Write the data out in full and word for word. Do not include images.
STORED DATA START
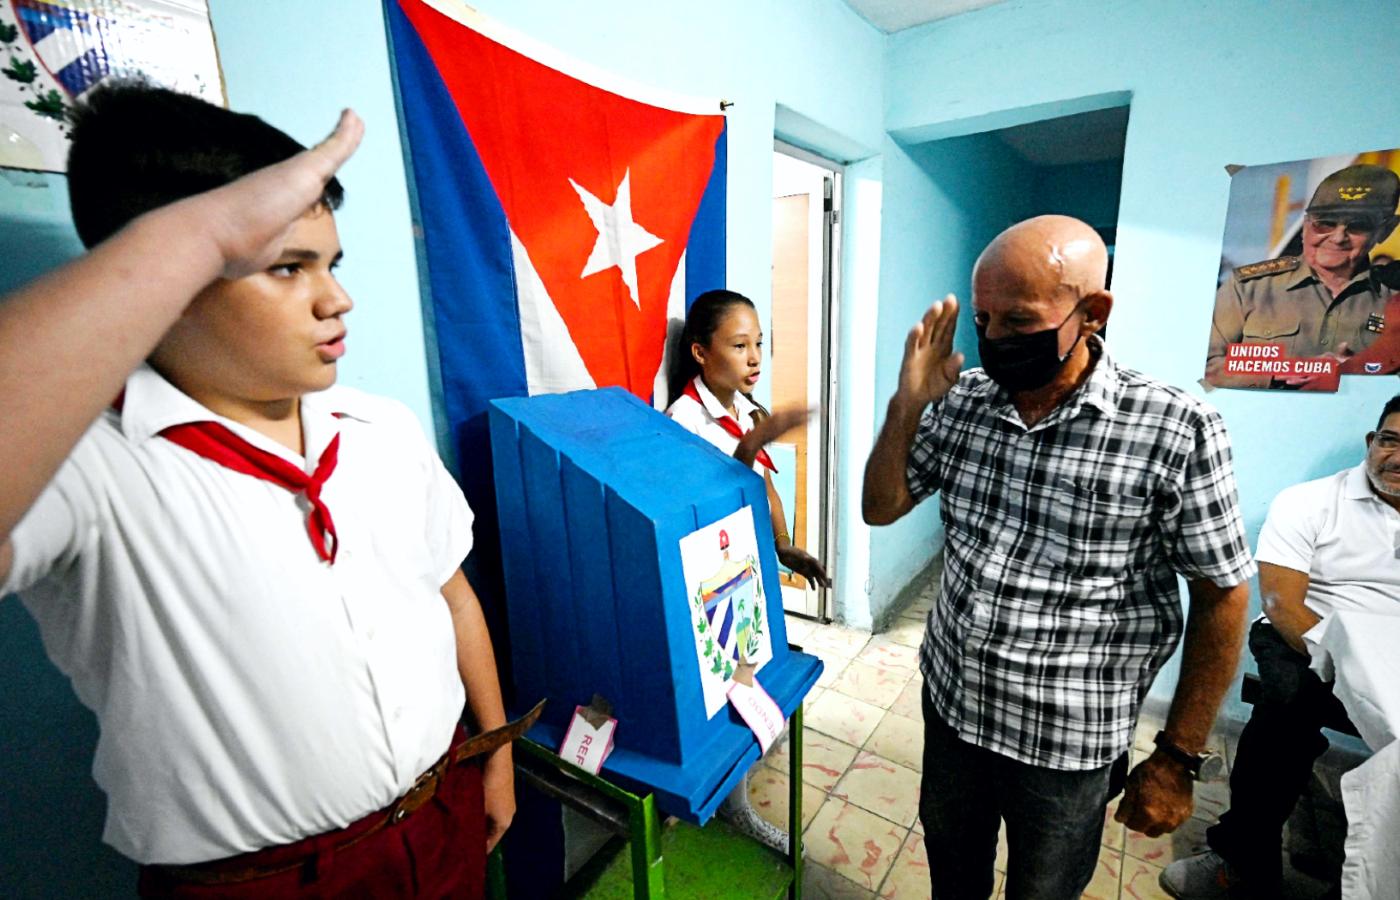 Nowy kodeks prawa rodzinnego radykalnie zmieni krajobraz relacji społecznych na Kubie.
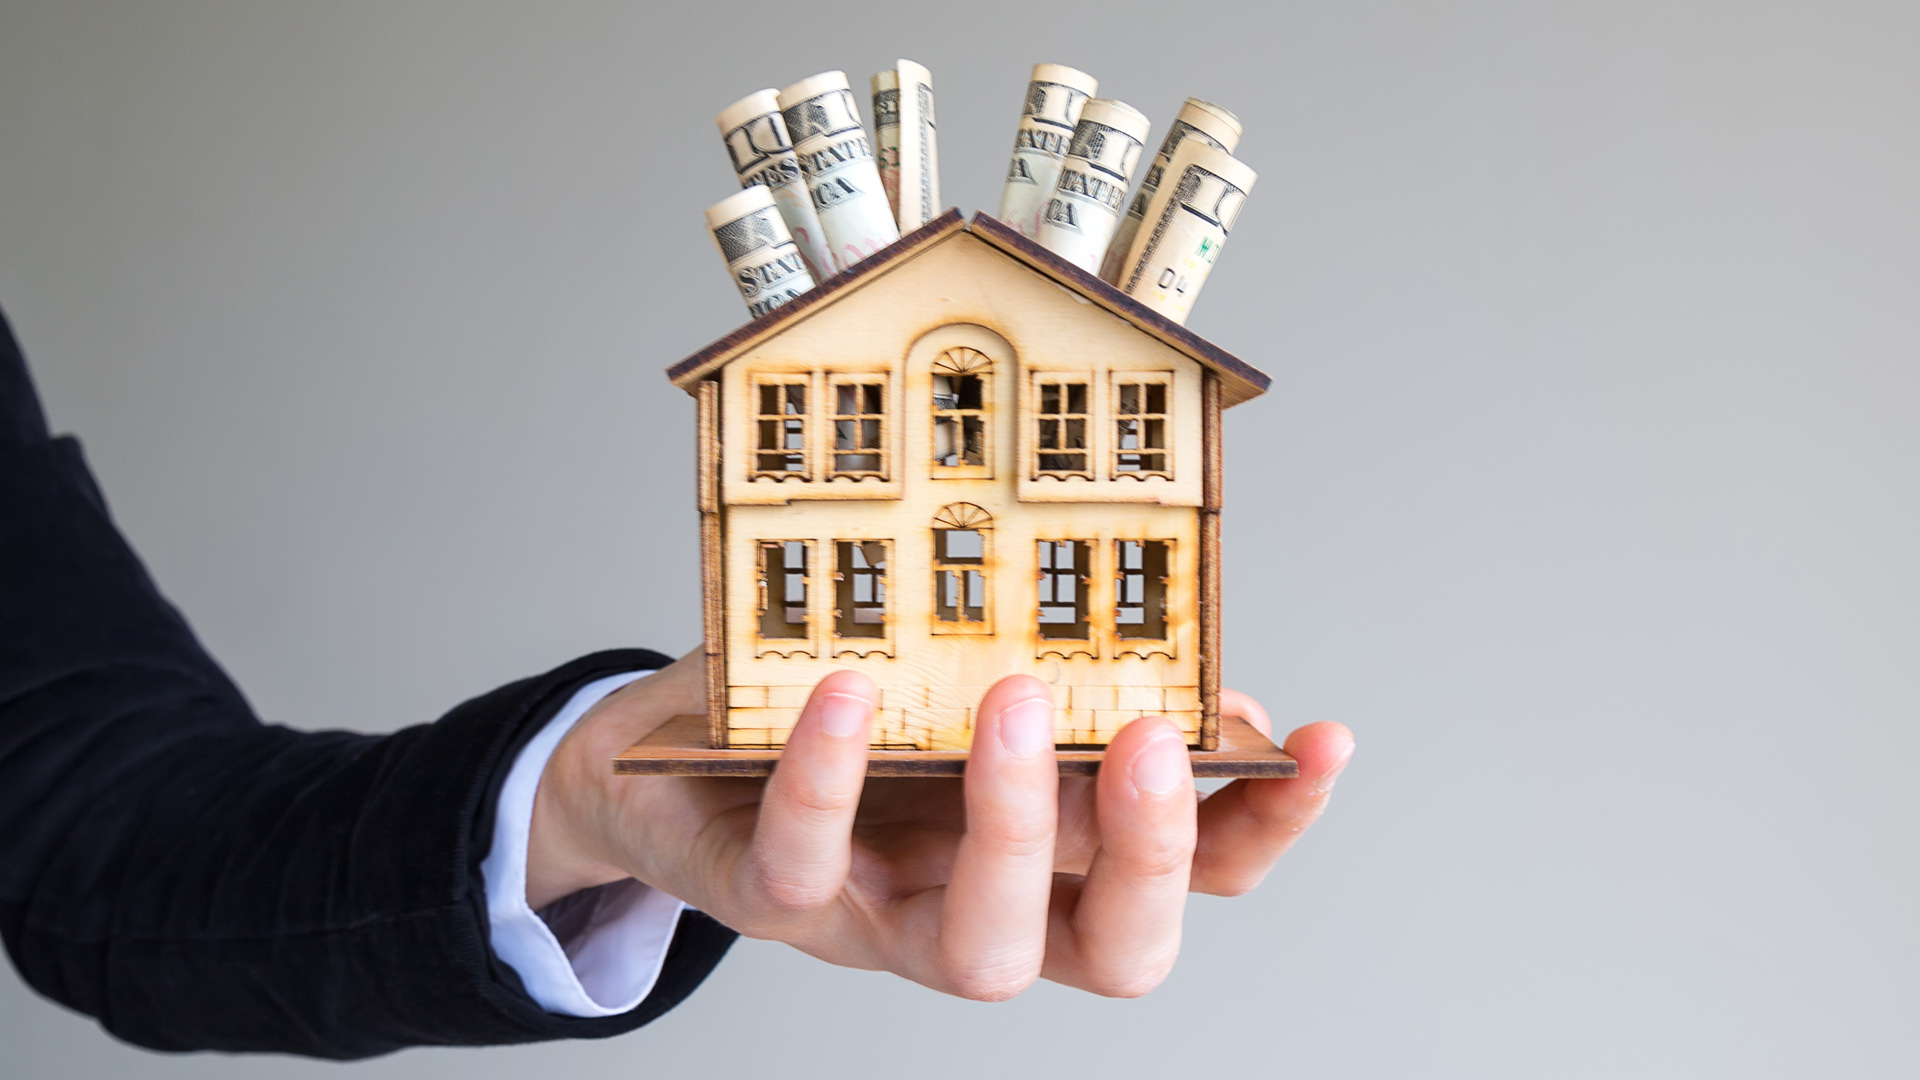 Eur ron investing in real estate alpari forex uk
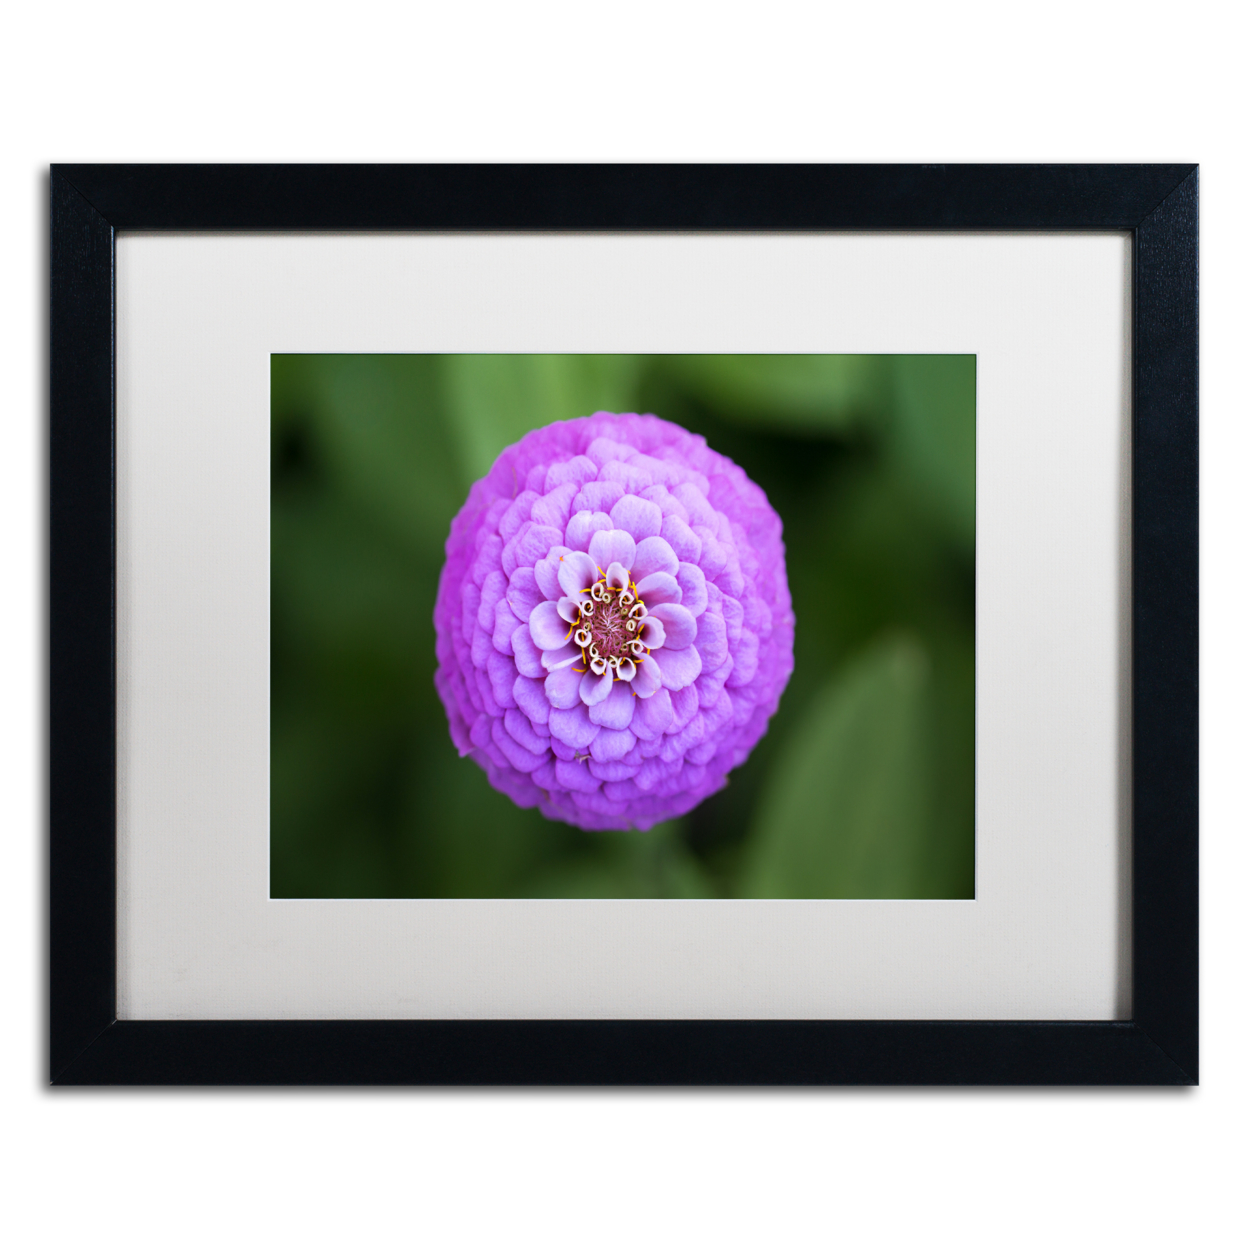 Jason Shaffer 'Purple Flower' Black Wooden Framed Art 18 X 22 Inches
STORED DATA END
__RESULT OF THIS EXERCISE__
 Nowy kodeks prawa rodzinnego radykalnie zmieni krajobraz relacji społecznych na Kubie.
 Eur ron investing in real estate alpari forex uk
 Jason Shaffer 'Purple Flower' Black Wooden Framed Art 18 X 22 Inches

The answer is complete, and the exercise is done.